Mercier, manouvrier, marié et père de 2 enfants avait un casier judiciaire mais cela n’en faisait pas un assassin.
Les 2 furent vite éliminés de la liste du commissaire.
Joseph Leleux paraissait être un client plus sérieux. Clovis lui avait dressé un procès-verbal quelques mois avant sa mort et son alibi était problématique. Dans sa jeunesse il avait commis quelques délits. Leleux avait donné un faux emploi du temps et il assurait qu’il n’avait plus mis les pieds dans le bois de Blacourt depuis 2 ans. Le jour du crime, Il prétendait être allé chasser le lapin, puis être passé au château où il était entré par effraction, enfin, dans l’après-midi il aurait à nouveau chassé avant de travailler à la carrière. Or il a été aperçu se dirigeant vers le bois une demi-heure avant le crime, 2 témoins l’affirment mais il le nie.

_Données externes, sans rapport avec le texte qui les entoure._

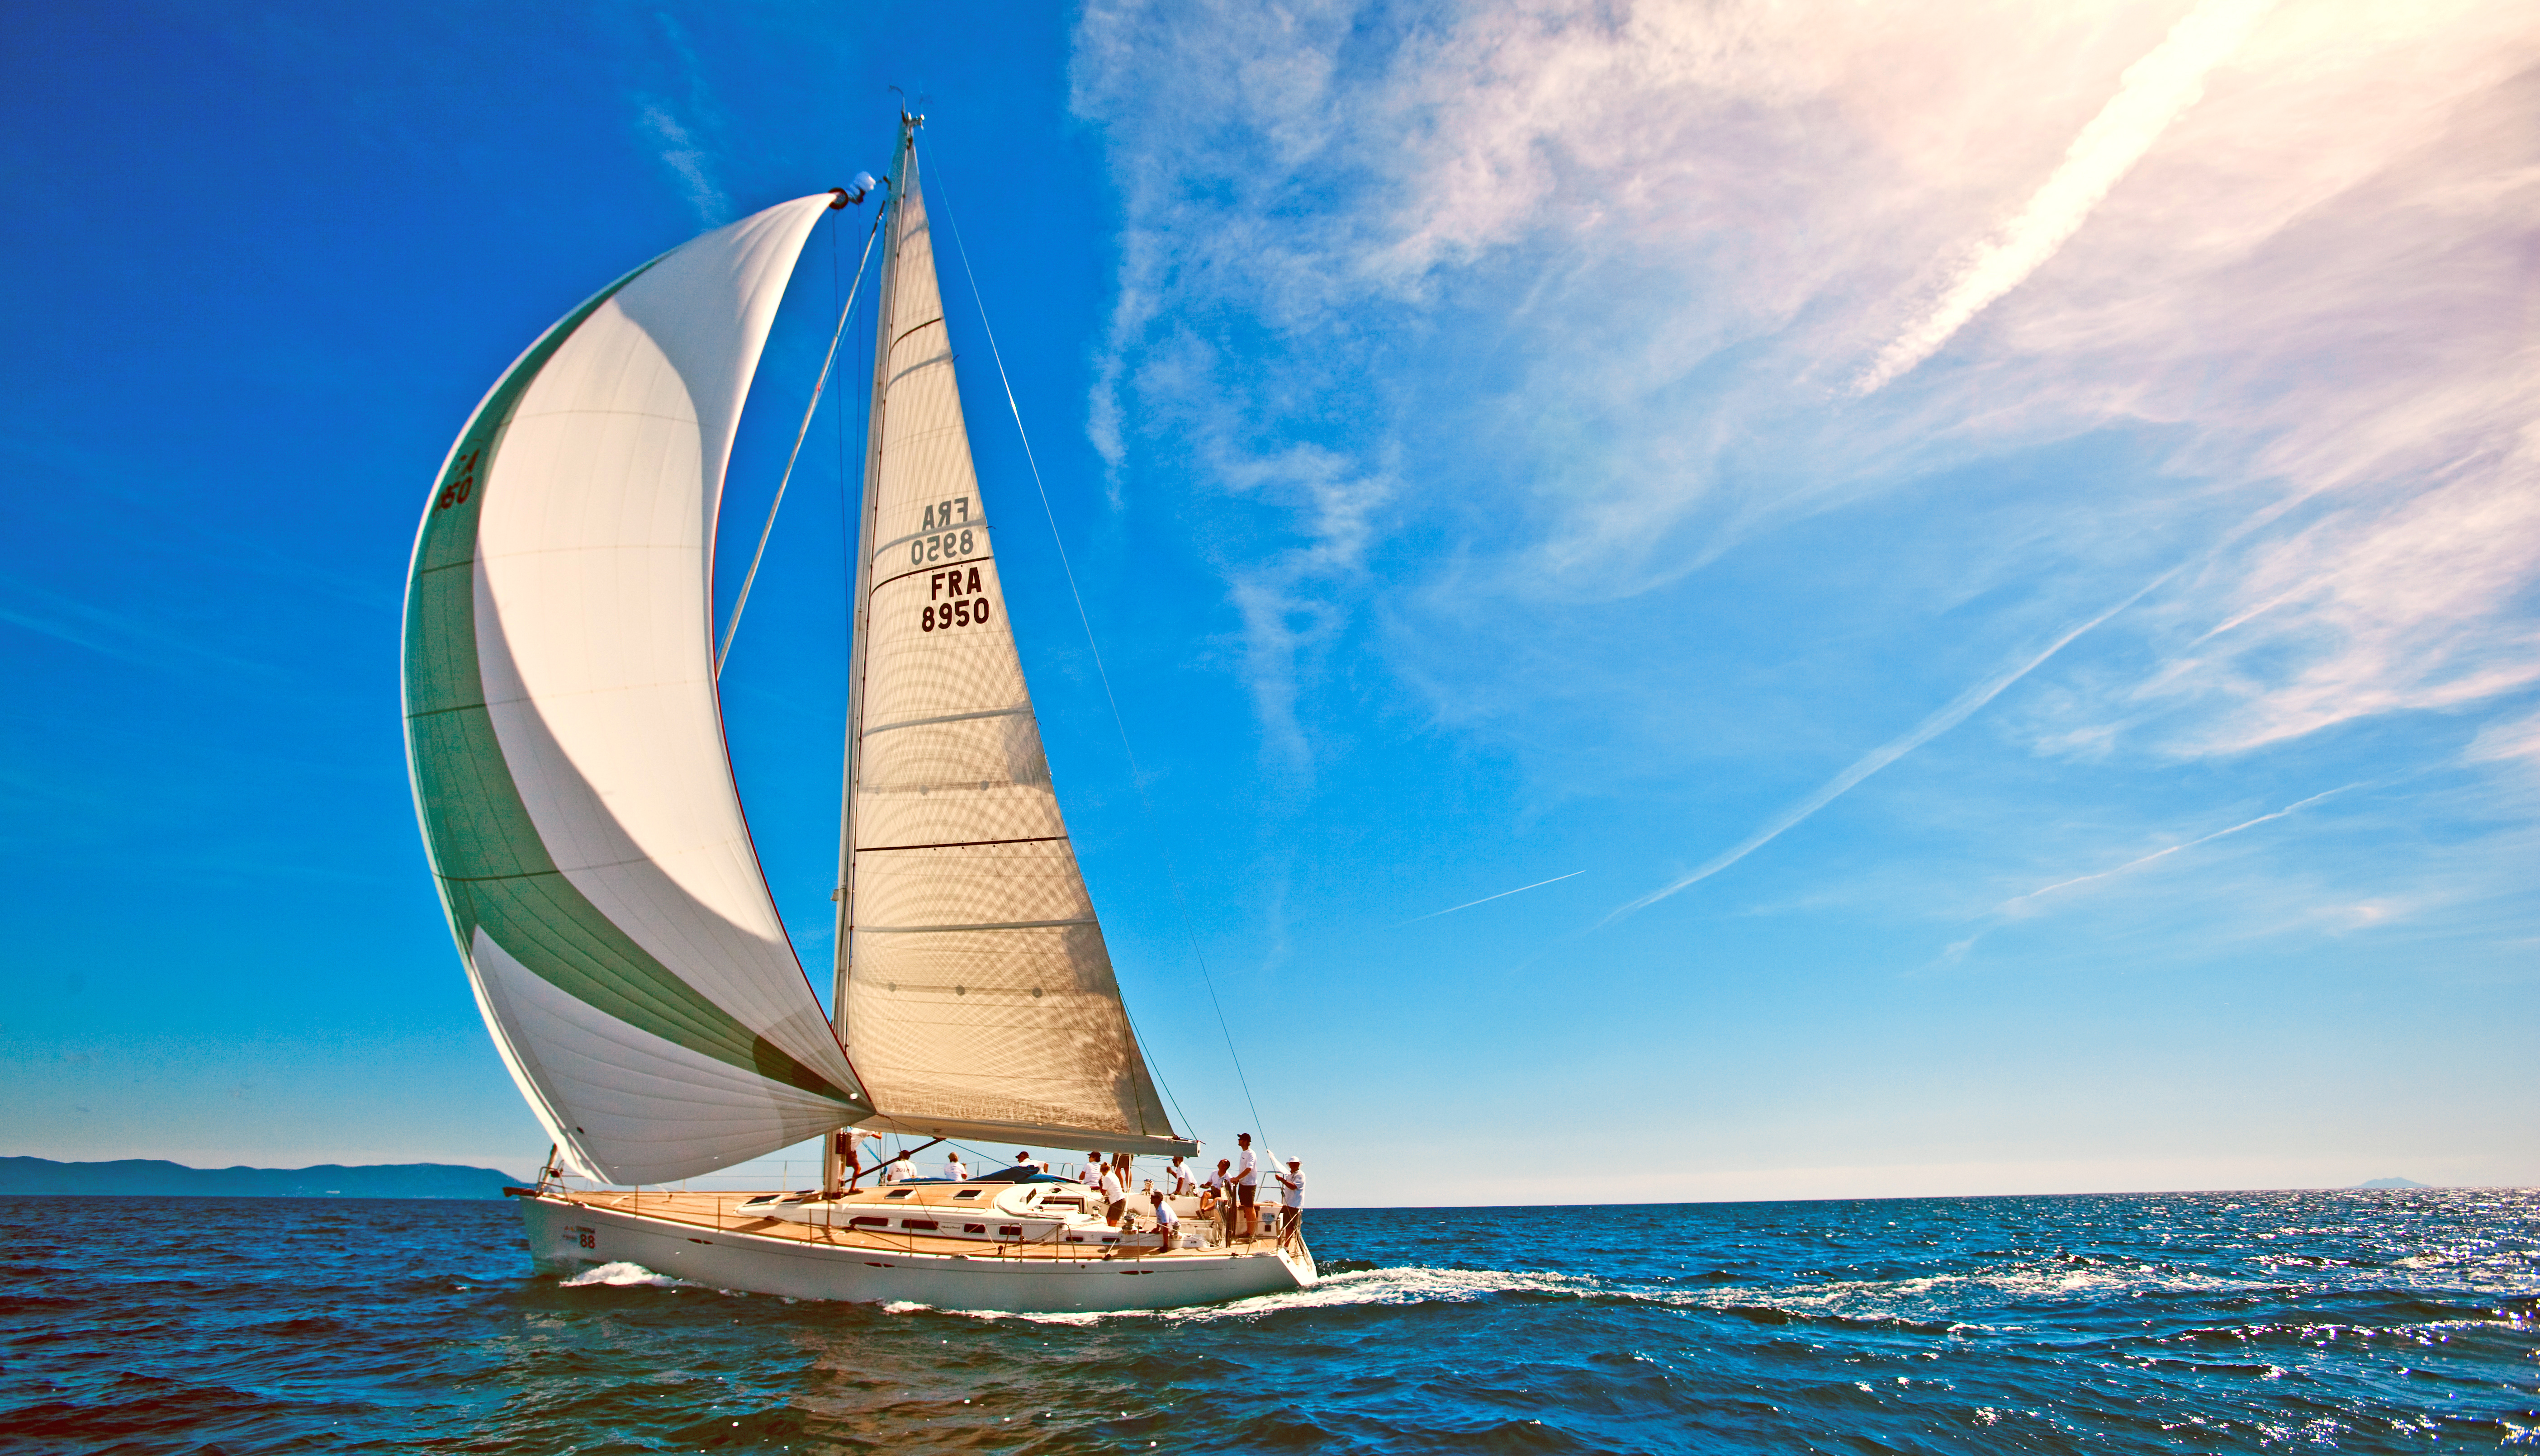 яхта парус море остров  № 3944436 загрузить
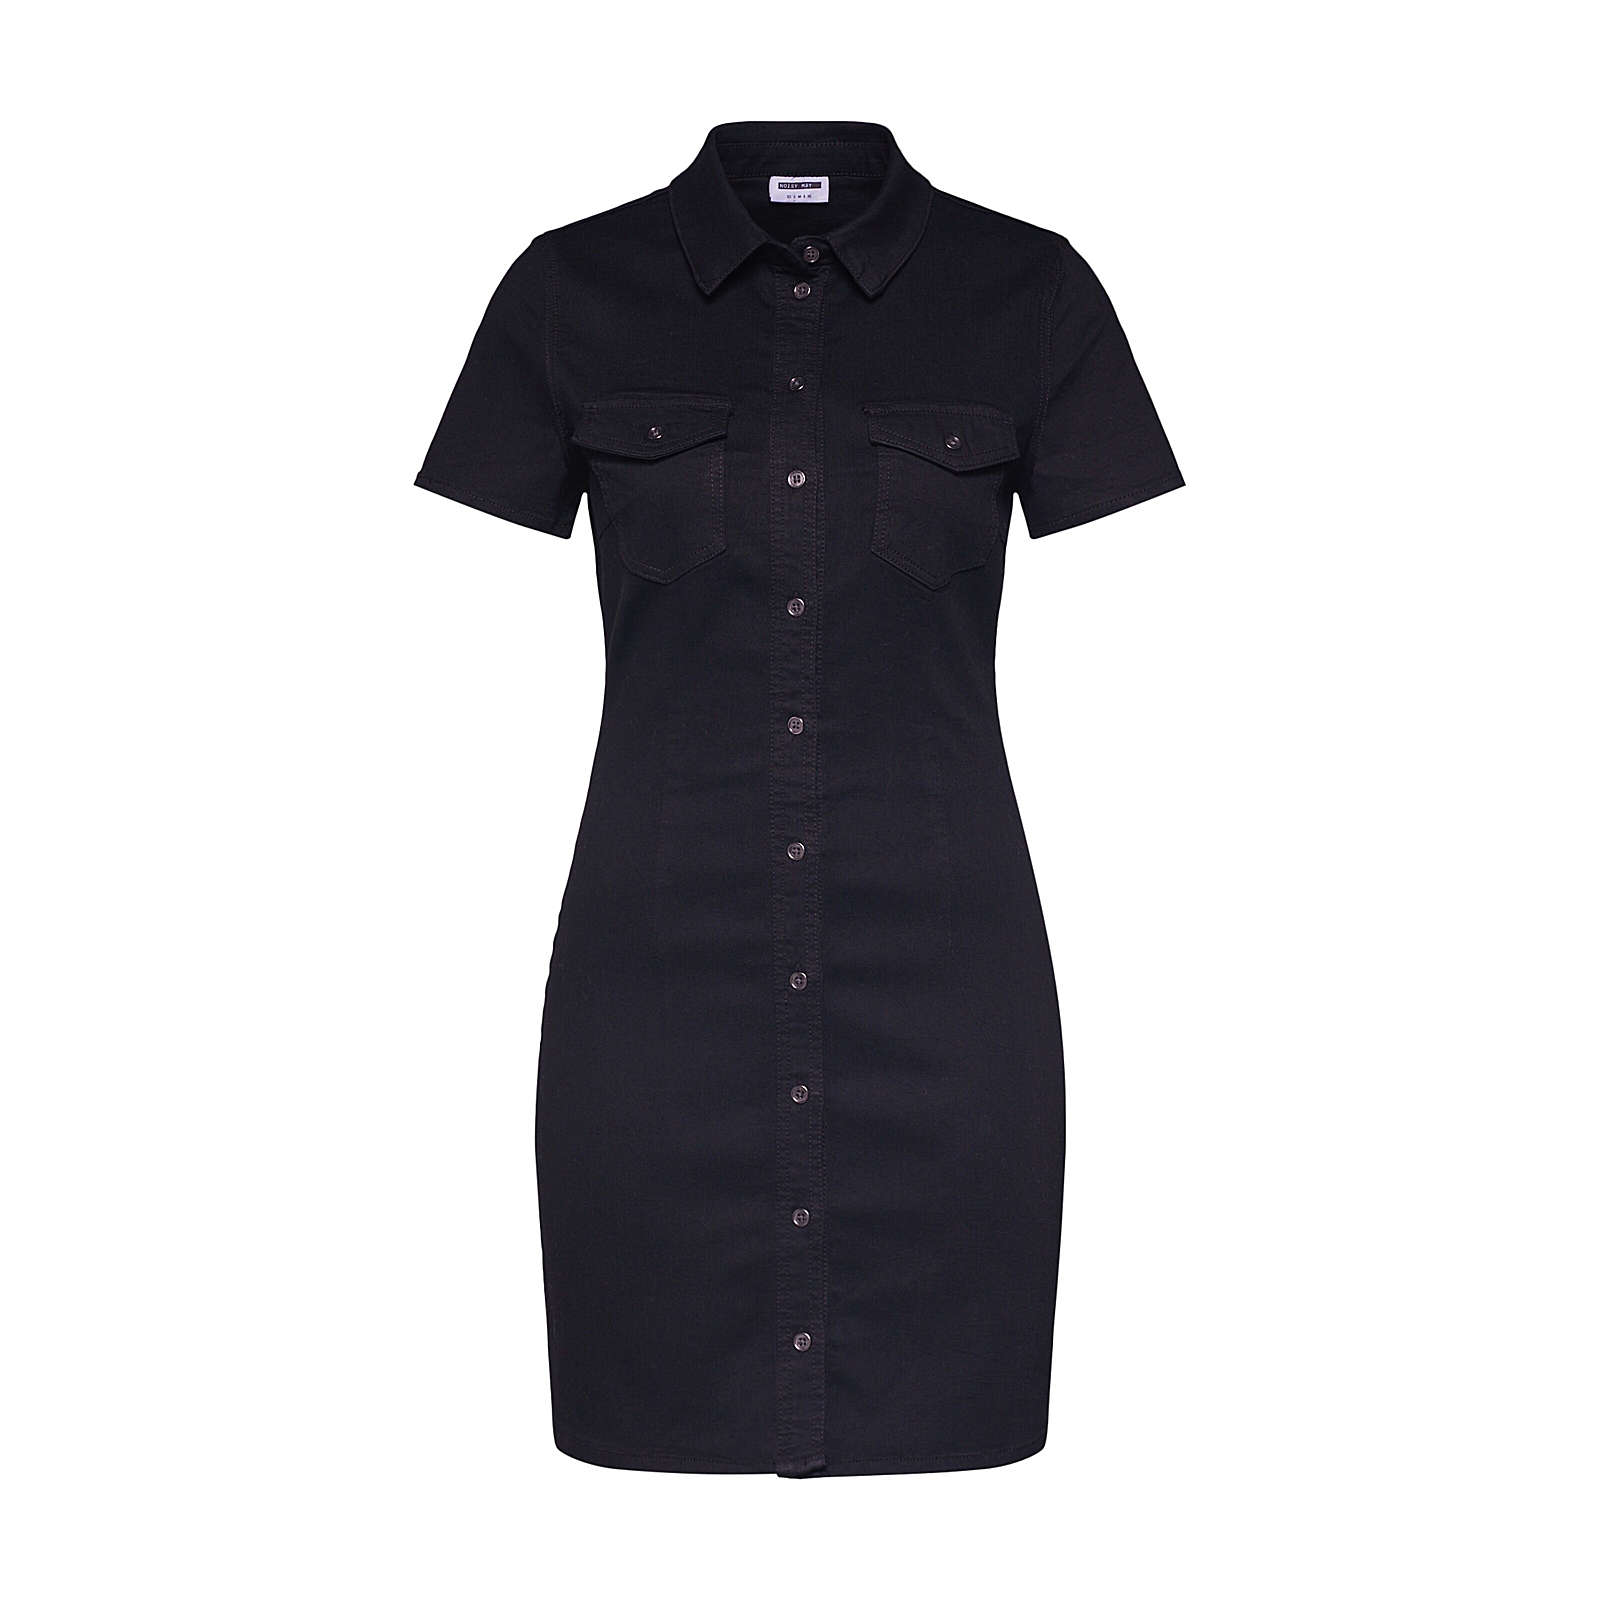 Noisy may Kleid JOY Jeanskleider black denim Damen Gr. 40

Le fusil et les cartouches retrouvés chez lui correspondaient à l’arme du crime.
Avec ces éléments, le commissaire Carré fait arrêter Joseph Leleux le jeudi 6 décembre 1923. Il est inculpé d’assassinat et conduit à la prison de beauvais. Ceci malgré ses dénégations.
Le procès a lieu à la Cours d’assises de beauvais le 13 mars 1924.
Maître Gilles, son avocat commis d’office est une pointure. Avec beaucoup de conviction et de talent, il démonte complètement les résultats de l’enquête. Pour lui, pas d’aveux, pas de témoignages directs, pas de preuves matérielles, que des hypothèses et des suppositions. Instillant le doute dans l’esprit des jurés, maître Gilles obtient l’acquittement et la libération de son client.
L’affaire de l’assassinat du garde-chasse Lambert ne fut jamais éclaircie. Quelques mois après sa mort, par souscription, les populations de Blacourt et d’Espaubourg firent élever dans le bois une stèle en sa mémoire.
Dans cette affaire, l’auteur évoque la caserne de gendarmerie de Blacourt. Nous n’en avons trouvé aucune trace. Peut-être s’agissait-il de la « caserne des pompiers » qui fut utilisée à cette fin.